### Work required
Once the pictures are set aside, repeat all of the data below exactly.

### Information shown
== Segment start ==
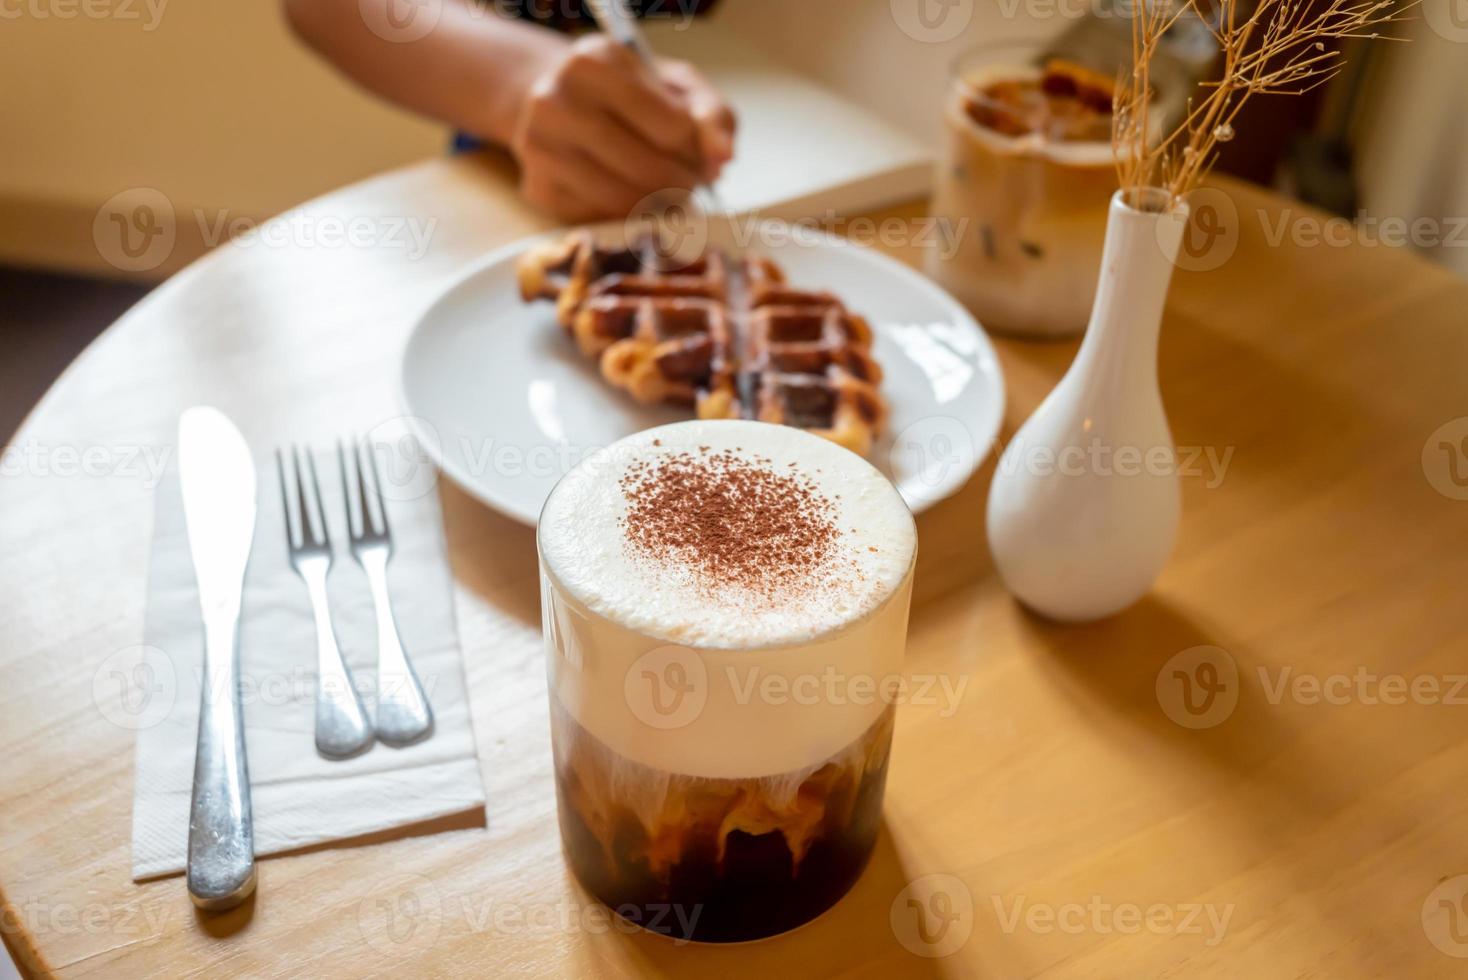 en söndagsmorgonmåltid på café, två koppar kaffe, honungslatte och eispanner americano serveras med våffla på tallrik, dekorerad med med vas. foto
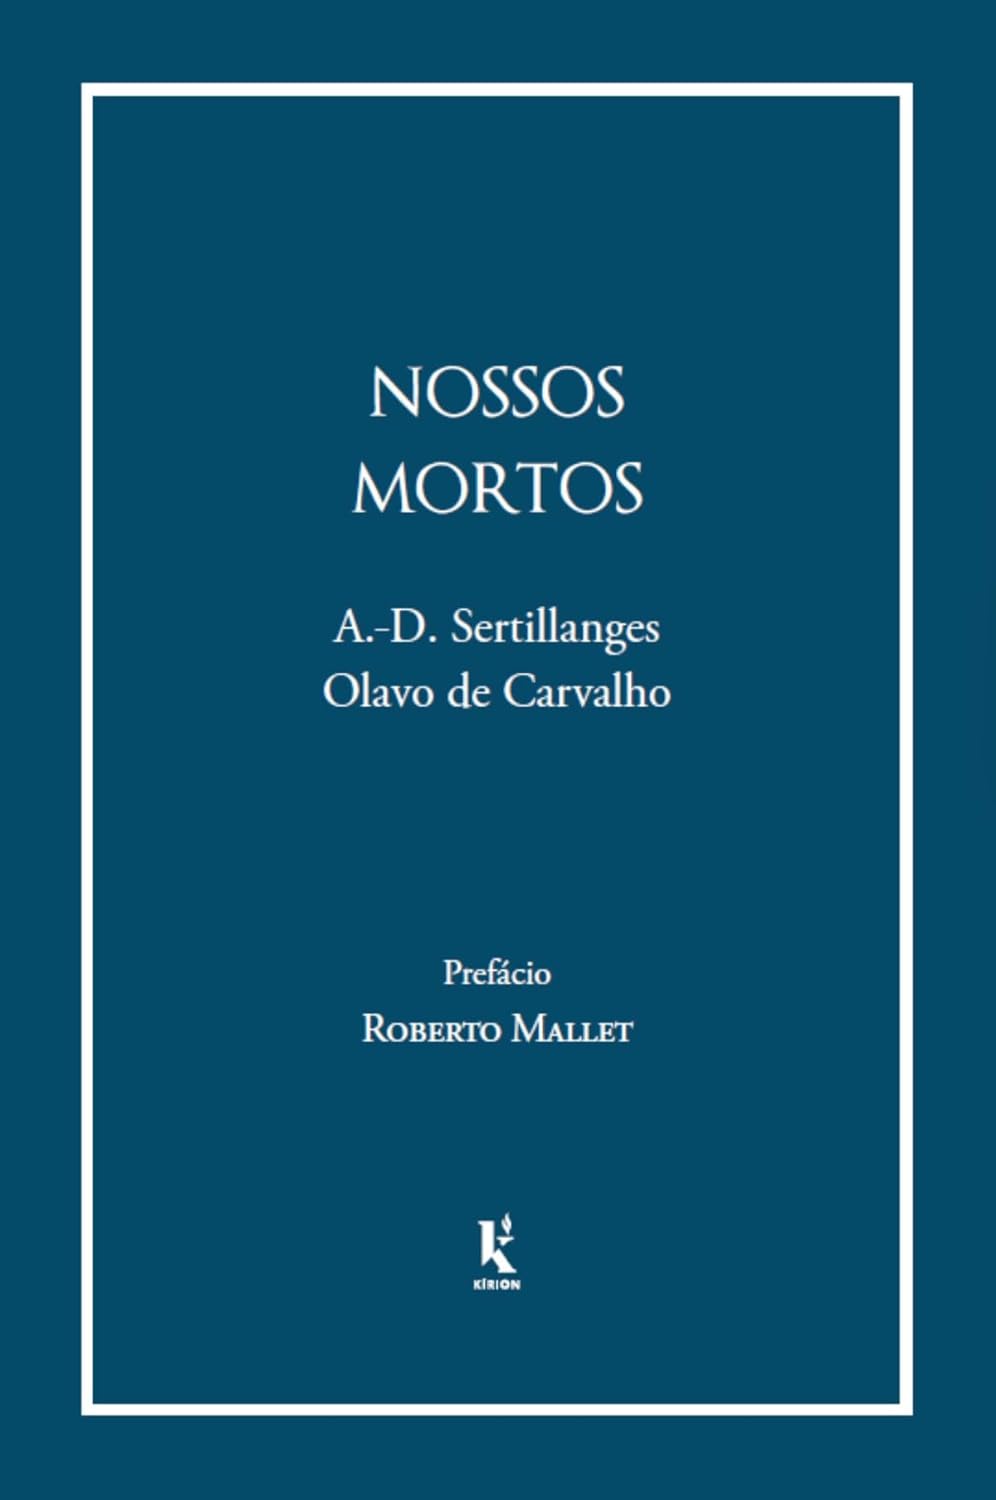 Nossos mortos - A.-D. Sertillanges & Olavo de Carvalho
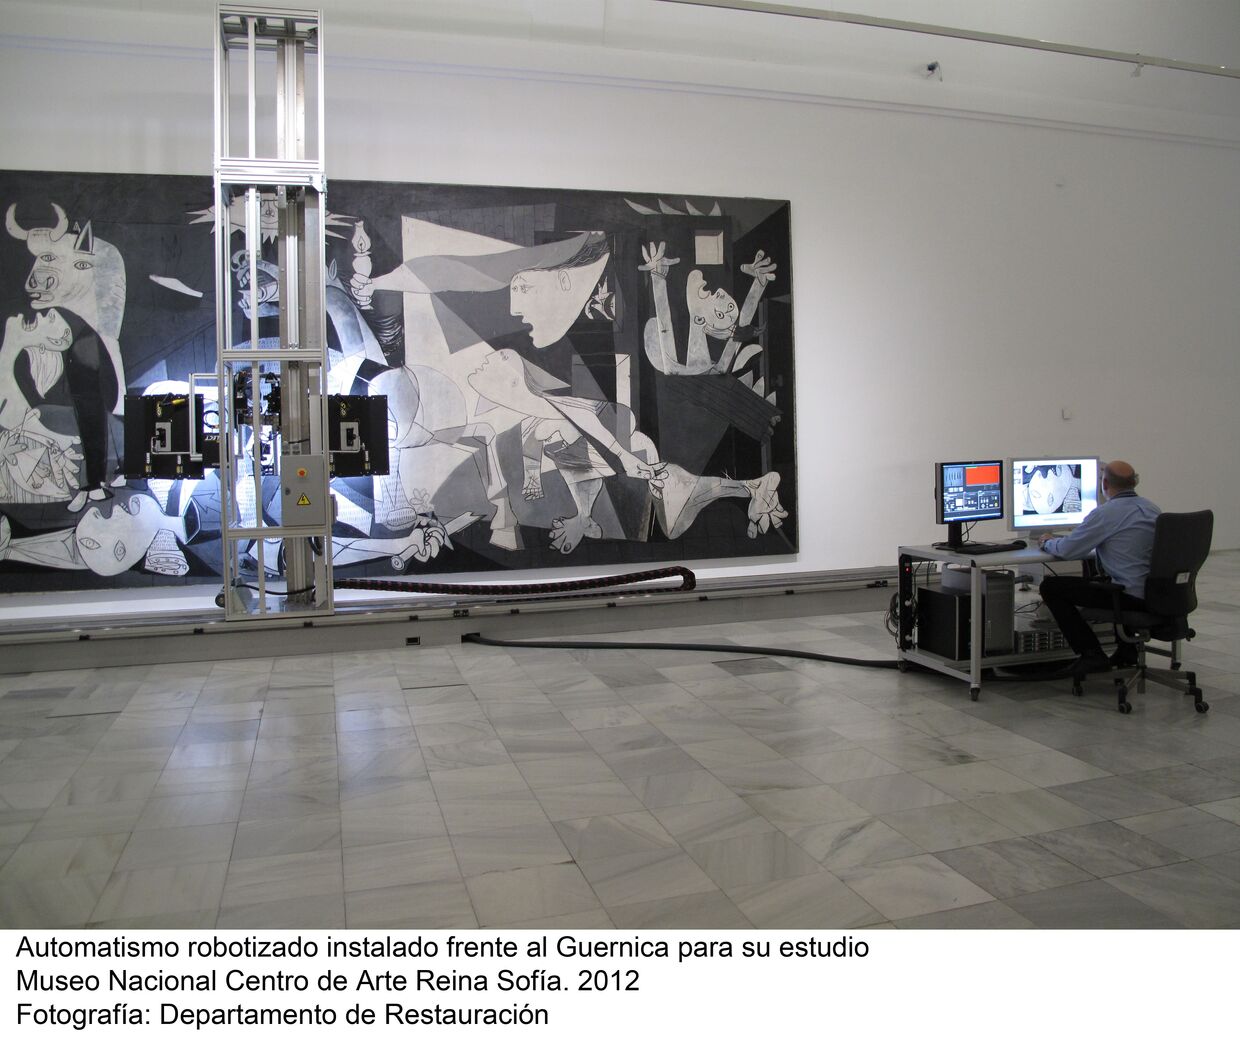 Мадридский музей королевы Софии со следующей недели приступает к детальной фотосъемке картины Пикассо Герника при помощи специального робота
== Segment end ==
### Result of the exercise
 en söndagsmorgonmåltid på café, två koppar kaffe, honungslatte och eispanner americano serveras med våffla på tallrik, dekorerad med med vas. foto
 Nossos mortos - A.-D. Sertillanges & Olavo de Carvalho
 Мадридский музей королевы Софии со следующей недели приступает к детальной фотосъемке картины Пикассо Герника при помощи специального робота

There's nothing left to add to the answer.